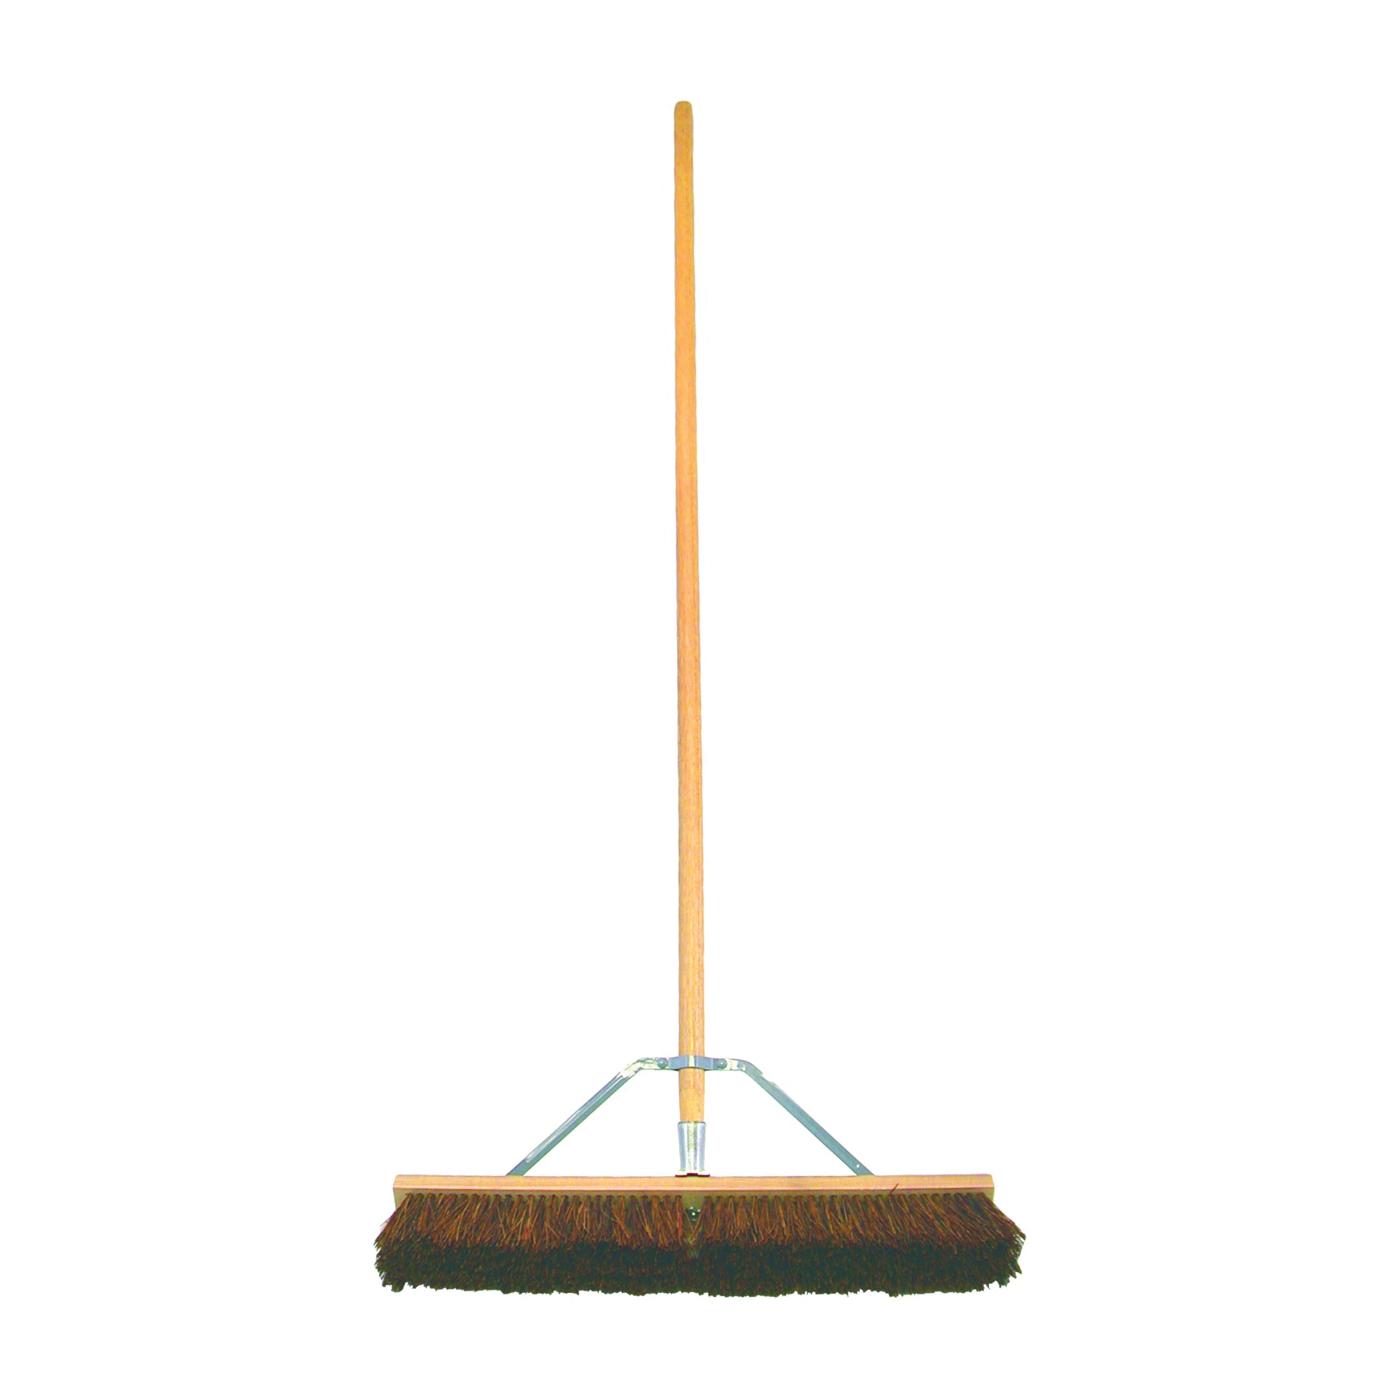 Picture of BIRDWELL 5024-4 Contractor Push Broom, 3 in L Trim, Natural Palmyra Fiber Bristle, Hardwood Handle
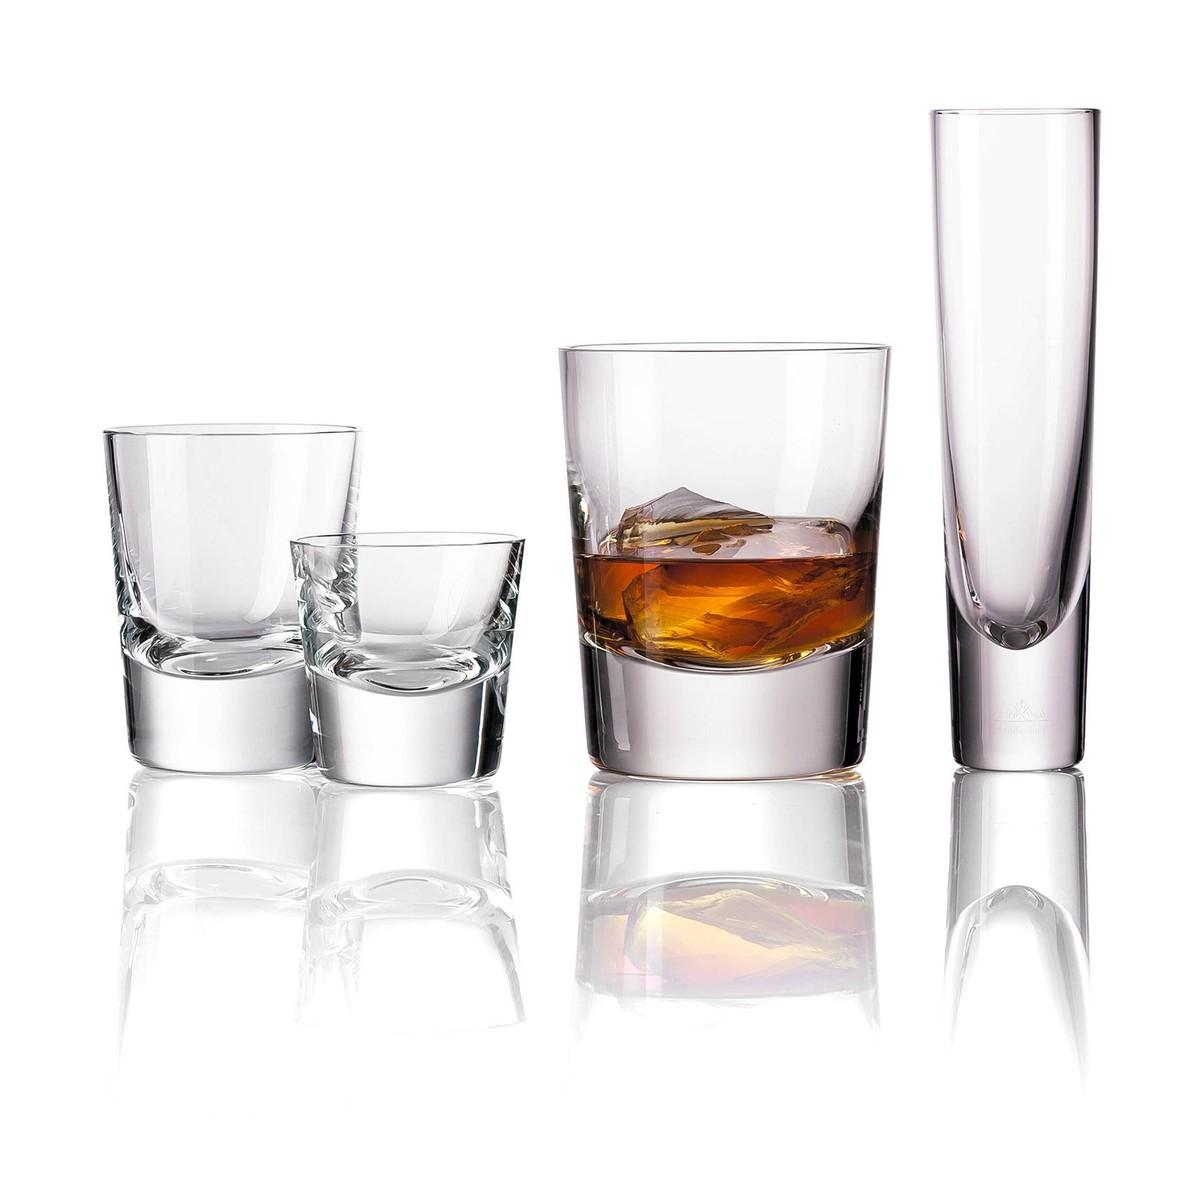 Vero set de 6 verres whisky rosenthal verres for Liquidation set de cuisine
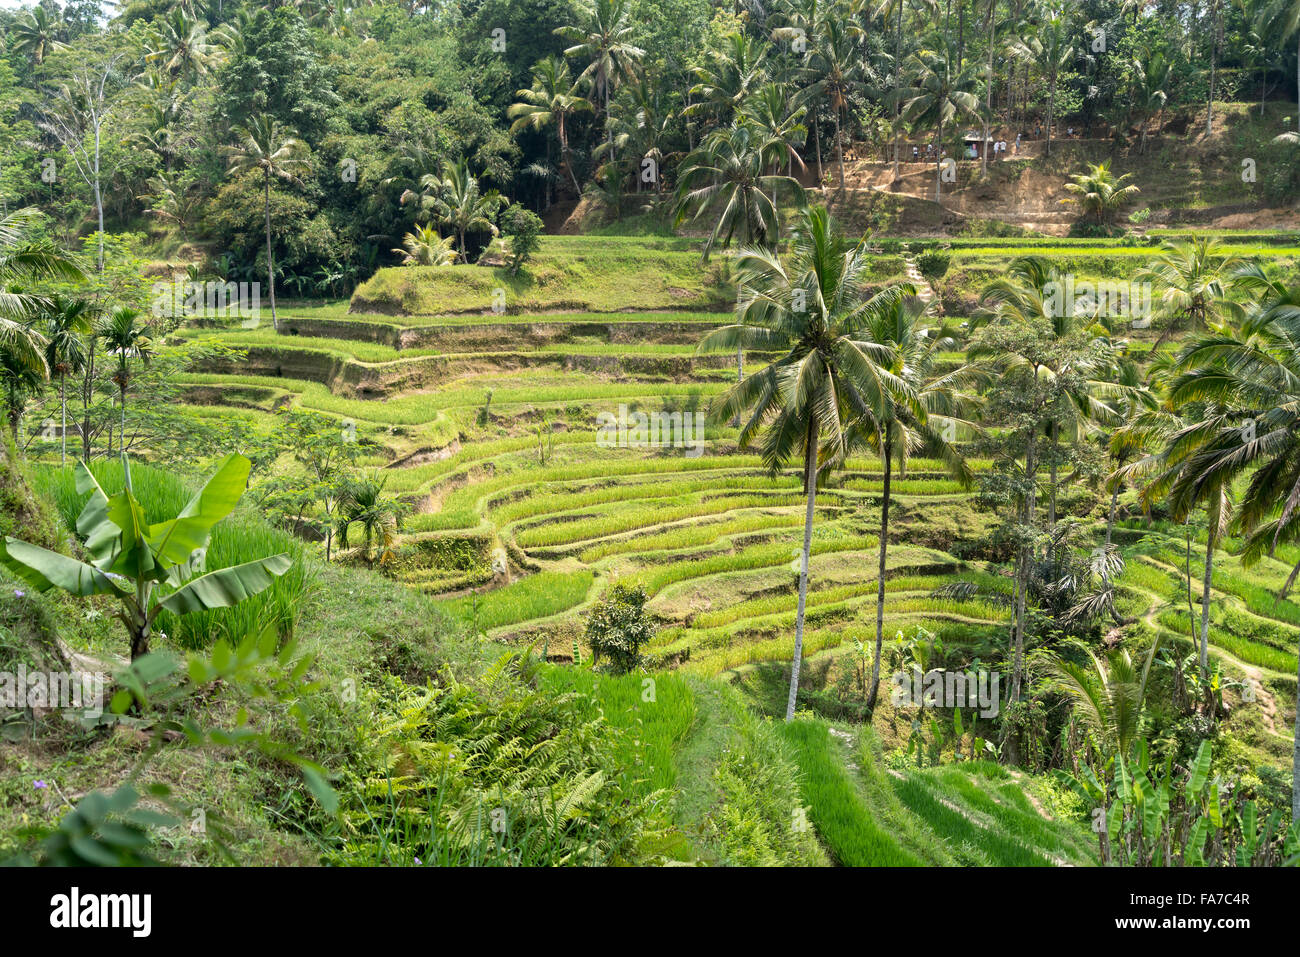 Les terrasses de riz de Tegalalang près de Ubud, Bali, Indonésie Photo Stock
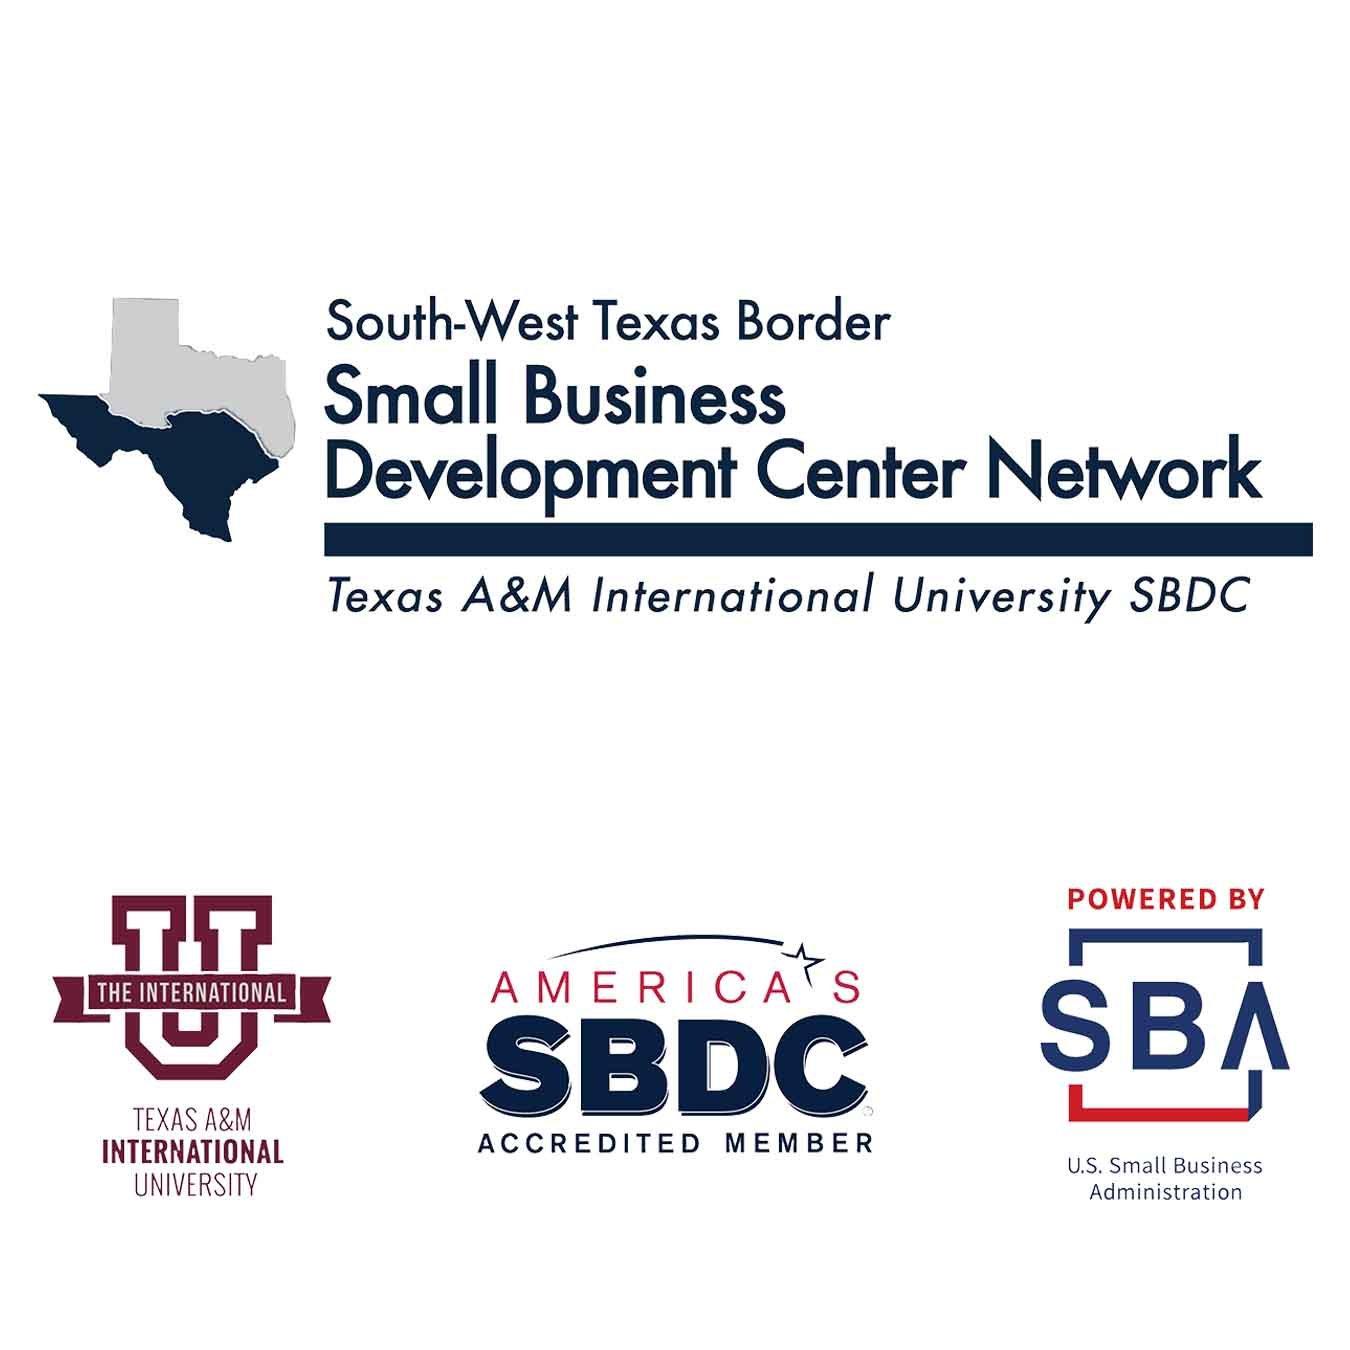 TAMIU SBC Texas A&M International University Small Business Development Center
^^^^^^^^^^^^^^^^
YOUR TASK
Repeat each line of the material exactly, please, and skip every picture.

WRITTEN ANSWER
 Picture of BIRDWELL 5024-4 Contractor Push Broom, 3 in L Trim, Natural Palmyra Fiber Bristle, Hardwood Handle
 Vero set de 6 verres whisky rosenthal verres for Liquidation set de cuisine
 Les terrasses de riz de Tegalalang près de Ubud, Bali, Indonésie Photo Stock
 TAMIU SBC Texas A&M International University Small Business Development Center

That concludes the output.